Now he is back on the Jewish side by the beach, teaching and preaching.
Wherever there is human and spiritual need, Jesus is there. Today’s
lesson starts like this. Back on the western side of the Galilee, Mark tells a
story that moves from player to player. It is a story about radical healing and
about death and life, and in its telling shows us what it means to believe in
Jesus Christ. But did you notice how much today’s lesson is about
interruptions? We first
meet Jairus who is a leader in the local synagogue. It is his responsibility to
make sure the facilities are maintained, the scrolls are secure, worship leaders
are selected, and the business of the synagogue gets done (www.lectionary.org/mark5.31-43). He is an important man
who is used to people asking him for things.
But he has not come to see Jesus on
synagogue business. This is personal. He interrupts Jesus while he is
teaching because his daughter is dying, and he needs for Jesus to come to his
house immediately. Jesus ends the
teaching session and begins to make his way to Jairus’ house. While
they are on the way, they are interrupted by a woman with a chronic condition.

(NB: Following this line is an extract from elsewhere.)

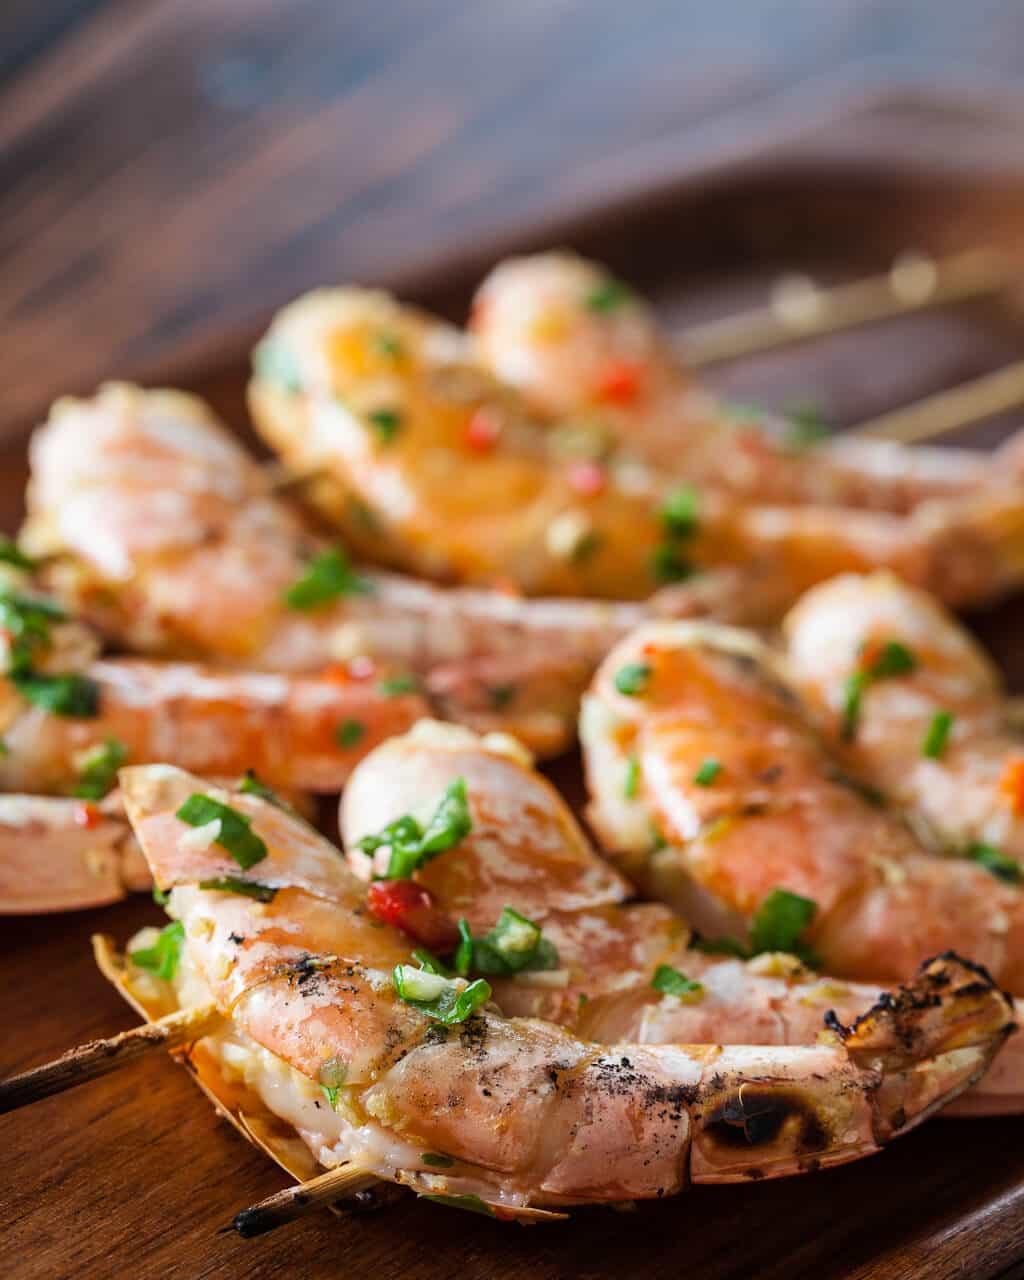 On shrimp barbeque the asian kraft

In another era, we would say that she was having “female trouble”. She has
been hemorrhaging for twelve years. She interrupts Jesus with a touch,
and is healed immediately. They are interrupted again when someone comes from
Jairus’ house to tell him that they do not need Jesus to come after all, his
little girl is dead. And Jesus interrupts death itself and calls the little girl
back to life. Henri
Nouwen tells of a conversation he had that teaches about the power of interruptions. He says, “a teacher once remarked, ‘you
know…my whole life I have been complaining that my work was constantly
interrupted, until I discovered that my interruptions were my work”
(Interpretation, Mark. Lamar Williamson, Jr.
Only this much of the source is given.